Mgr Jacques Suaudeau, docteur en
médecine et directeur scientifique de l’Académie pontificale pour la Vie, a
rédigé un petit ouvrage fort à propos sur L’objection de conscience ou le
devoir de désobéir. S’appuyant sur les Saintes Ecritures et l’Histoire de
l’Eglise, l’auteur écrit :
« Le
témoignage des Apôtres devant le Sanhédrin, et leur défense au nom de la loi
divine qui prime sur la loi humaine, fournissent la structure de l’objection de
conscience spécifique qui conduira certains au martyre. Elle s’articule sur les
points suivants :
- Les lois divines priment sur les lois humaines.
- Le croyant doit obéir aux lois humaines,
fondements de la cité, garantes de la solidarité et de la paix sociale, et aux
autorités qui ont été placées par la providence divine aux postes qu’elles
occupent (Rm 13, 1-7). Les martyrs ne mettent pas directement en question les
institutions impériales ; ils acceptent les décisions des tribunaux ;
ils ne se dérobent pas s’ils sont arrêtés ; ils ne désertent pas. - Ce n’est que lorsque la loi humaine
contredit formellement la loi divine que
le croyant peut se trouver dans la situation de désobéir. Ce revirement
possible implique l’autonomie de la religion, en tant qu’office de Dieu, par rapport à l’Etat et à l’office du législateur. Or cette autonomie des offices divins et de
l’Etat l’un par rapport à l’autre est une notion absolument étrangère à la
mentalité de l’antiquité païenne où le service de la Cité (pour les Grecs) ou
de la Res publica (pour les Romains)
sont un tout. […] - En choisissant d’obéir à Dieu plutôt qu’aux lois
des empereurs, les disciples du Christ, non seulement obéissent à leur
conscience en manifestant leur liberté d’enfants de Dieu (base religieuse et
personnelle de l’objection de conscience), mais encore transmettent la vérité
précise sur Dieu (ils enseignent le nom
de Jésus), devoir évangélique et impératif moral de proclamer la vérité
contre les errances du paganisme.
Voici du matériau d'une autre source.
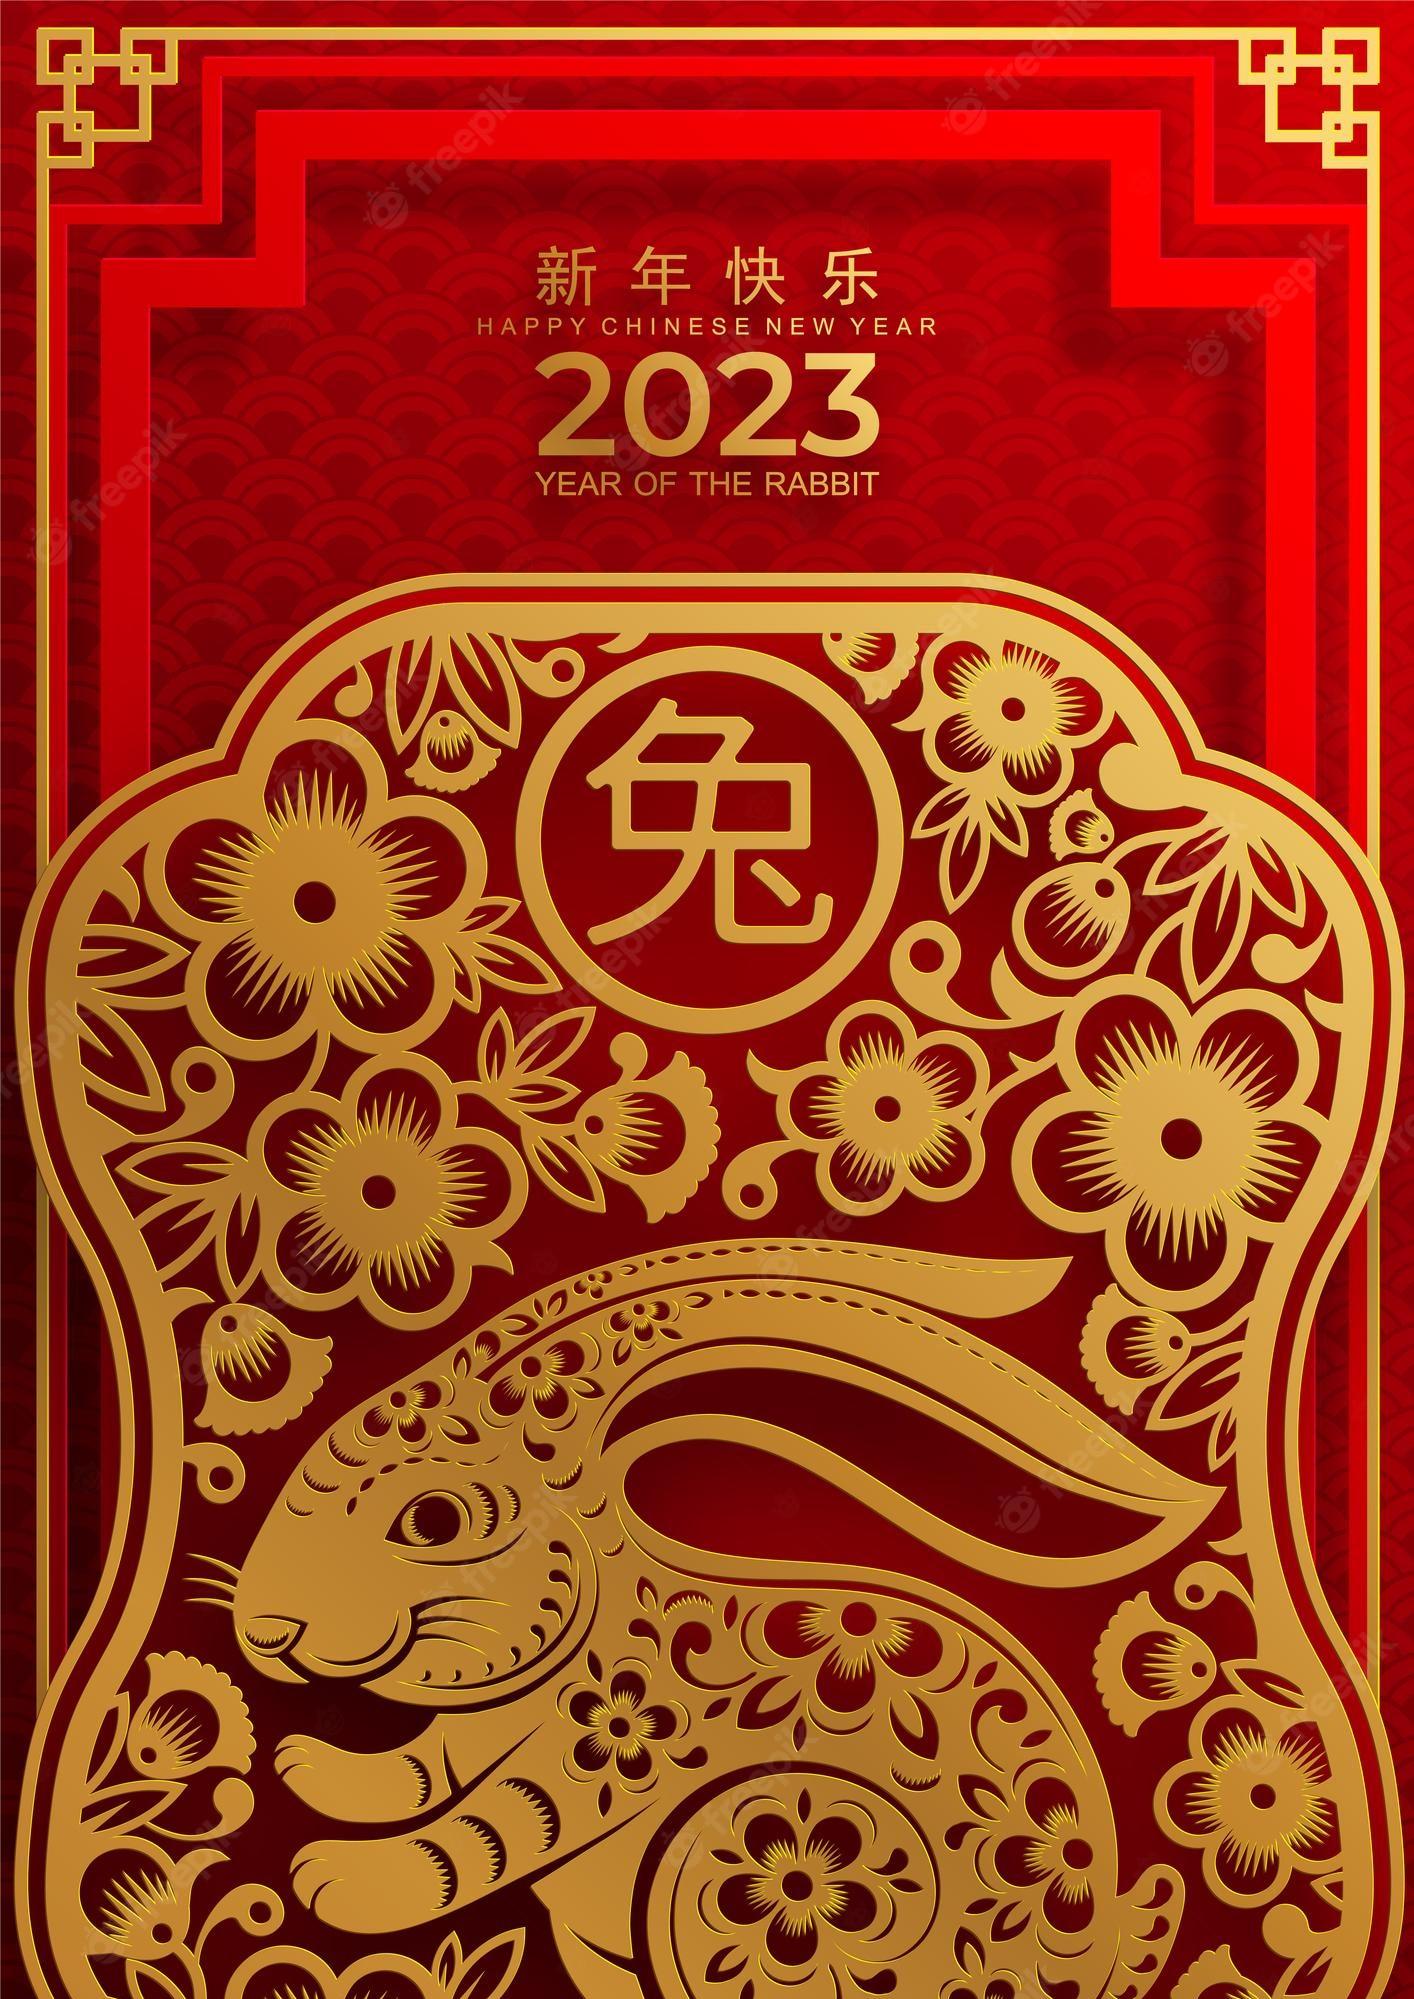 17 Happy Lunar New Year 2023 Wallpapers  WallpaperSafari

Ils portent
témoignage (marturein) devant les
tribunaux, ce qui :
-
- Renforce la valeur de l’enseignement qu’ils ont
pu donner avant d’être arrêtés (on ne croit que les témoins) ; - Est un mode d’évangélisation actuel des païens
qui assistent au procès et se trouvent édifiés par l’attitude cohérente des
accusés ; - Conforte dans leur foi les autres chrétiens qui
auraient été décontenancés si les accusés avaient profité des offres
compatissantes des juges qui leur permettaient de sauver leur vie sans renier
formellement le Christ, en effectuant par exemple une pseudo offrande (et l’on
retrouve ici la responsabilité pour
autrui précédemment notée dans le martyr d’Eléazar, et qui est une
composante non négligeable de l’acte de désobéissance civile).
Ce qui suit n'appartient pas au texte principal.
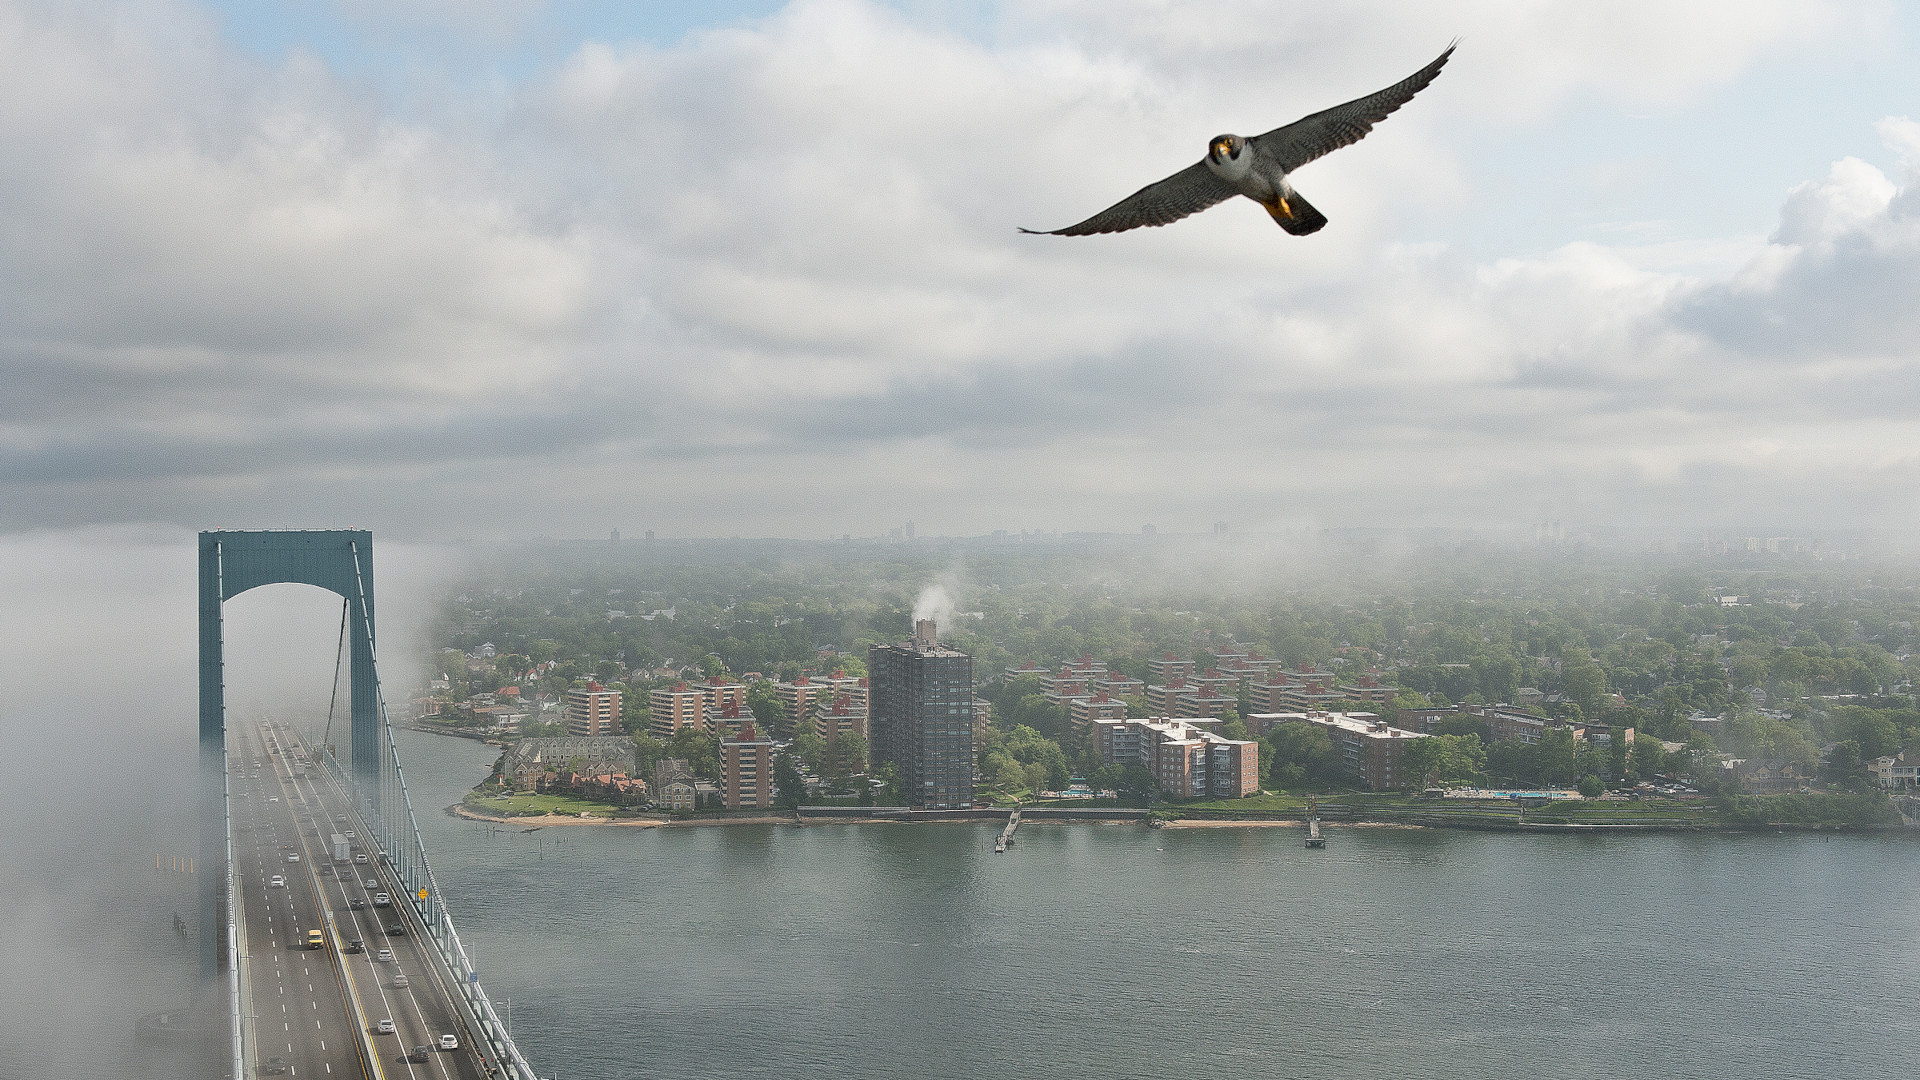 A peregrine falcon soars over a bridge and cityscape

- Renforce la valeur de l’enseignement qu’ils ont
5. Ce témoignage est rendu possible par la force et
l’aide de l’Esprit Saint. […]
6. Le croyant ne peut se dérober à ce devoir de
conscience, justement parce que le don de l’Esprit Saint lui est fait lorsqu’il
comparaît devant ses juges, selon les promesses faite à ses disciples par le
Seigneur lui-même, de son vivant terrestre. »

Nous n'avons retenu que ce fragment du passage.